%%
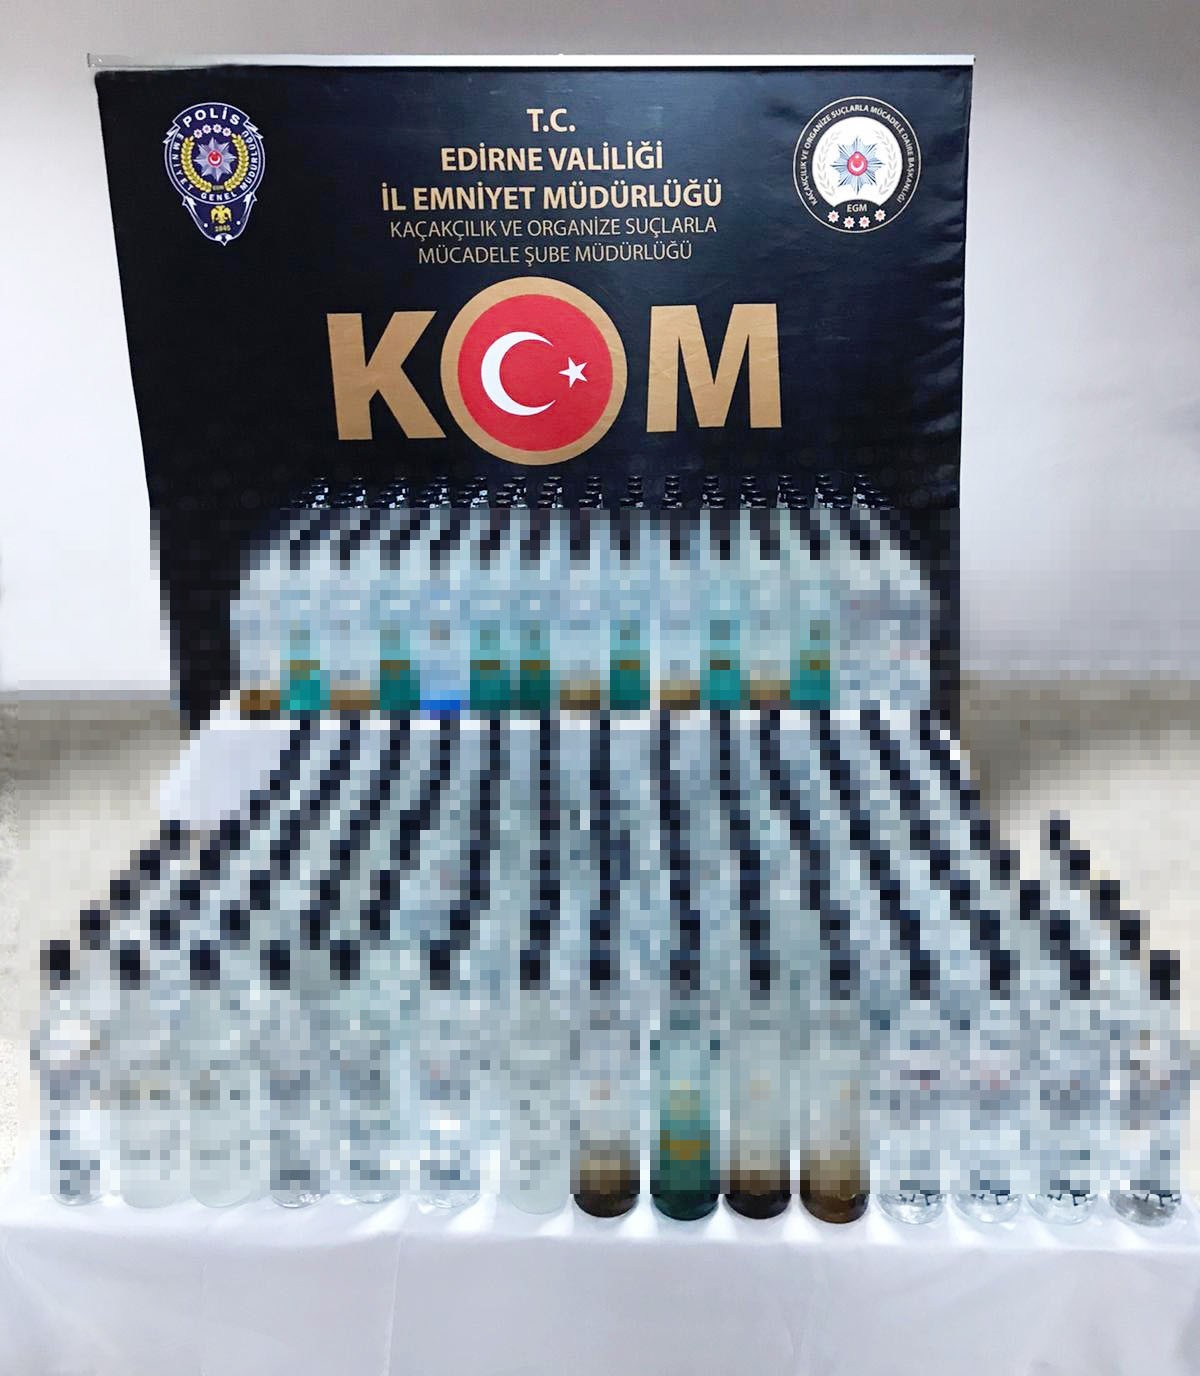 Edirne’de durdurulan otomobilde 260 şişe kaçak içki yakalandı #edirne
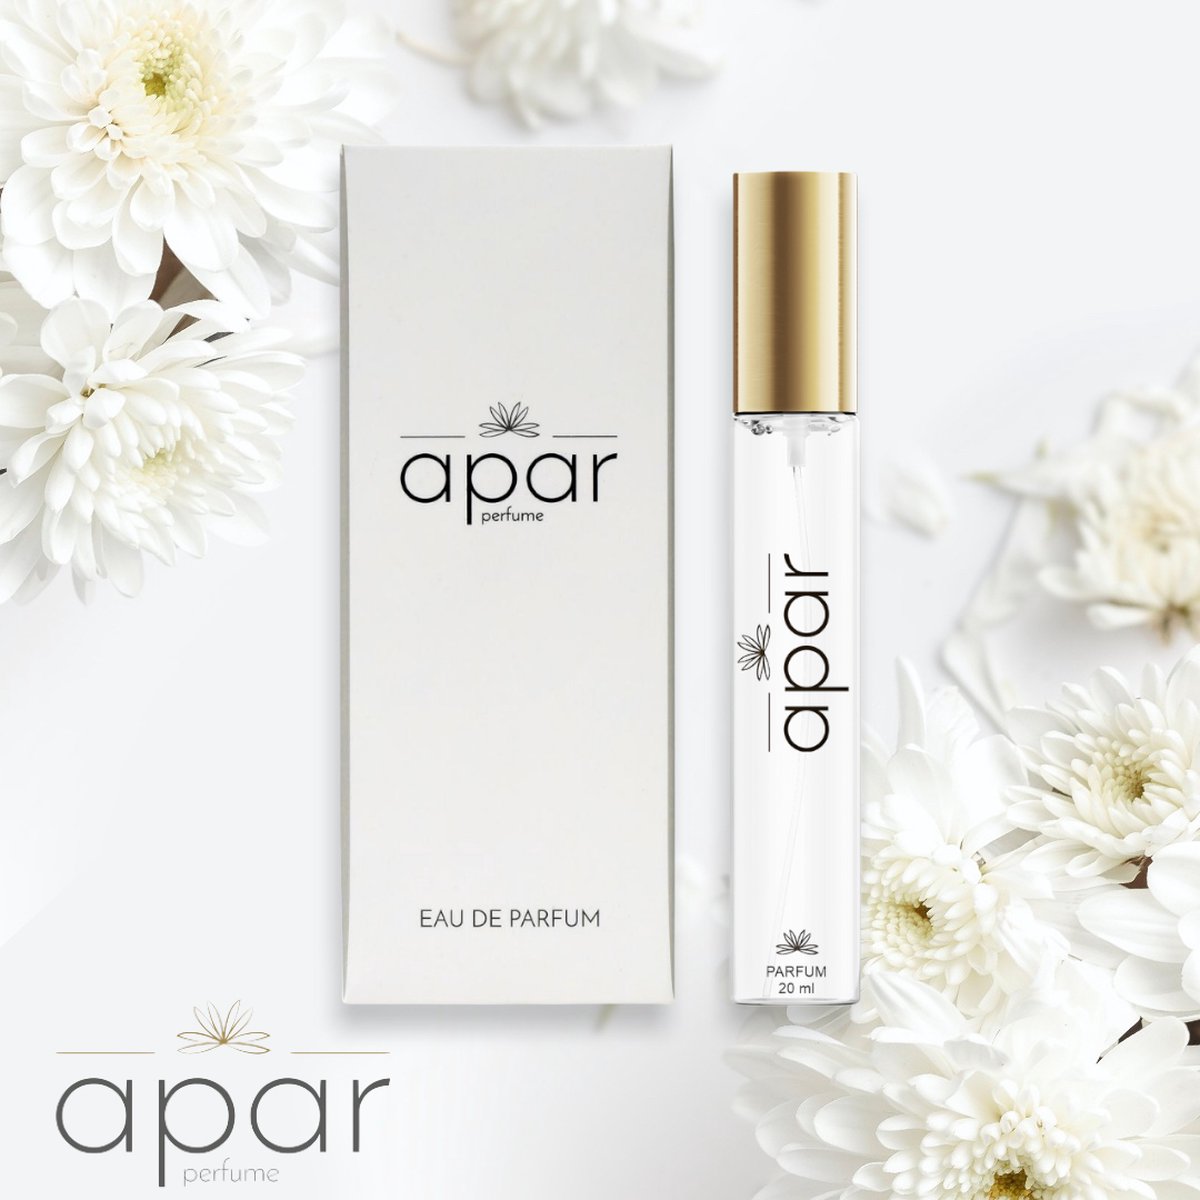 ❤Dure merk geuren voor een eerlijke prijs❤APAR Parfum EDP - 20ml - Nummer F271 Standard -
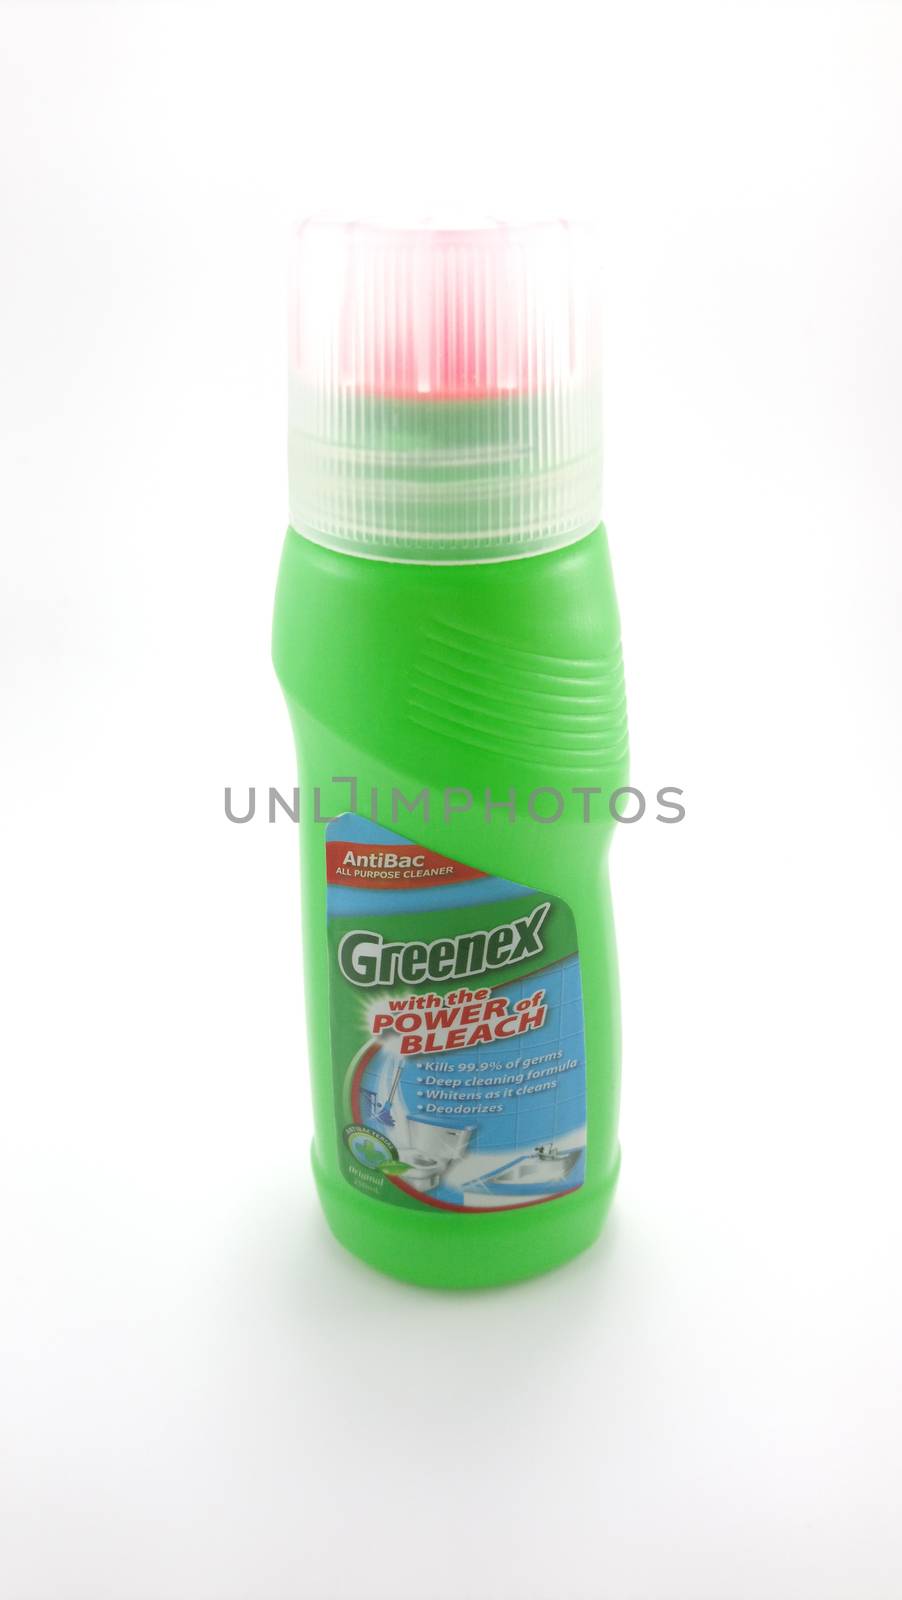 MANILA, PH - JUNE 23 - Greenex all purpose cleaner on June 23, 2020 in Manila, Philippines.
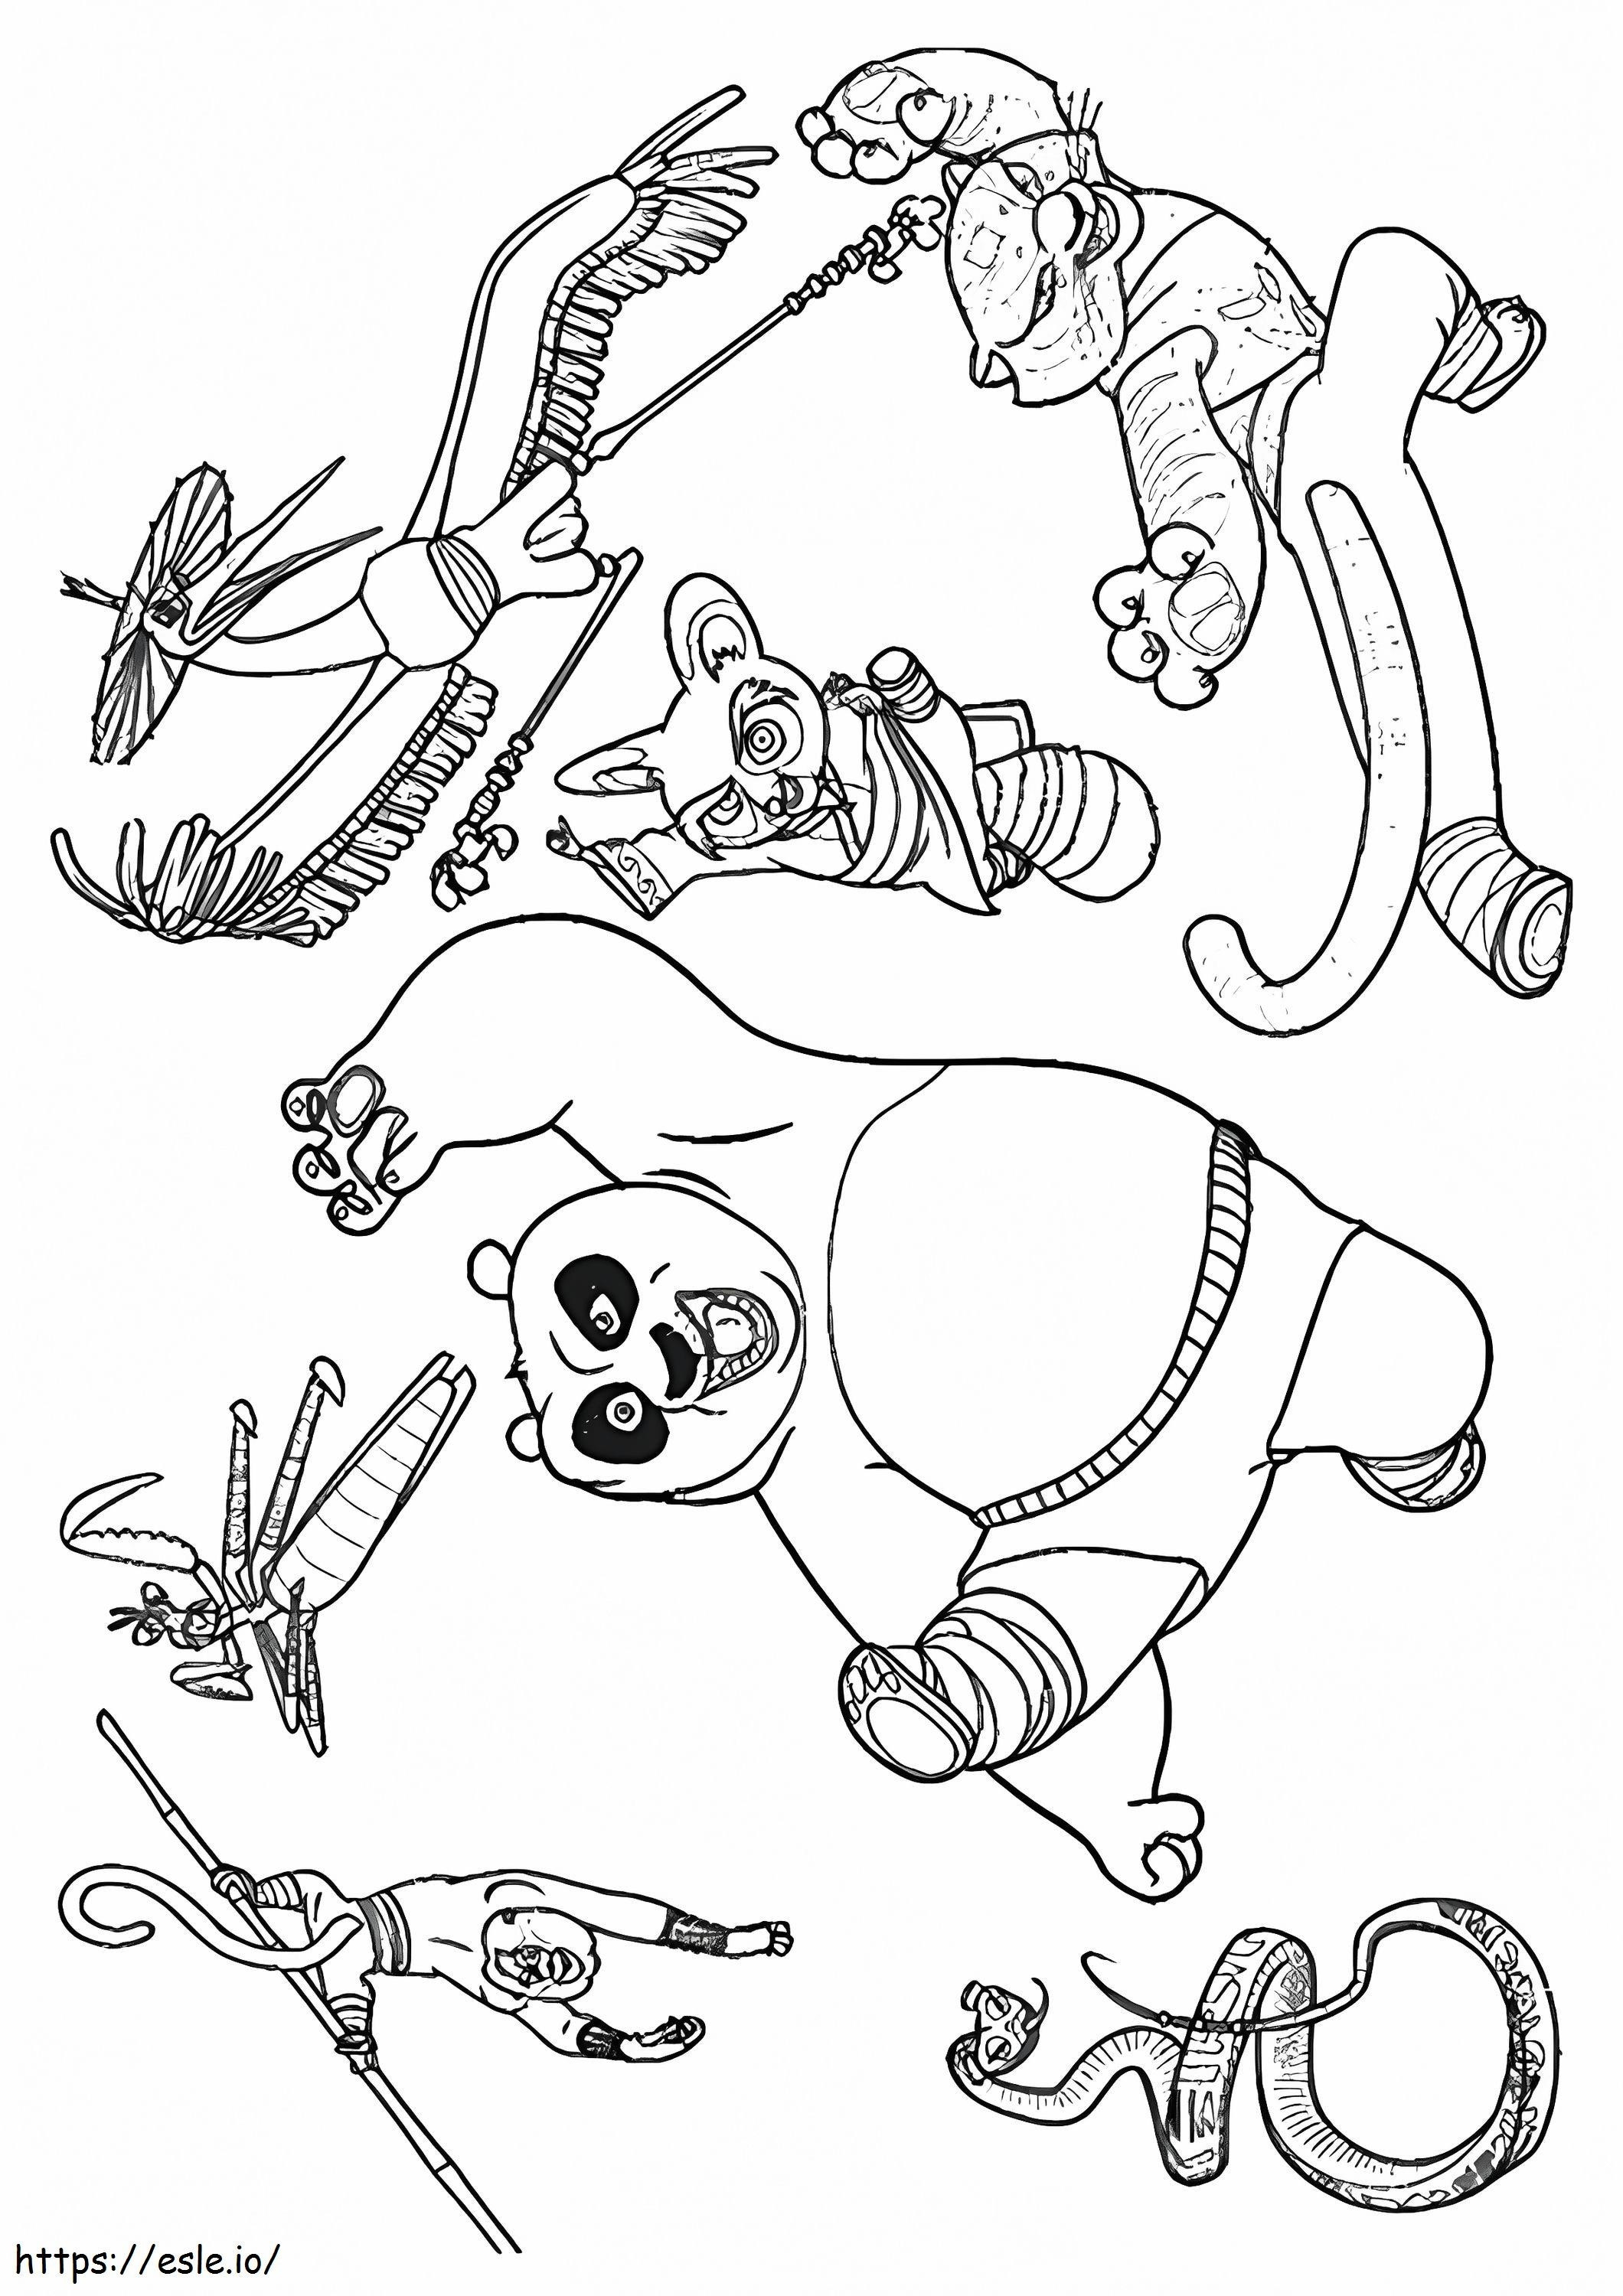 Coloriage  Le Kung Fu Panda et ses amis A4 à imprimer dessin
%%
> **Exercise prompt**
Restate word for word the lines from the one with "MANILA, PH - JUNE" to the end of the material, both included. Do not include the pictures.

> **Response for this exercise**
 MANILA, PH - JUNE 23 - Greenex all purpose cleaner on June 23, 2020 in Manila, Philippines.
 Coloriage  Le Kung Fu Panda et ses amis A4 à imprimer dessin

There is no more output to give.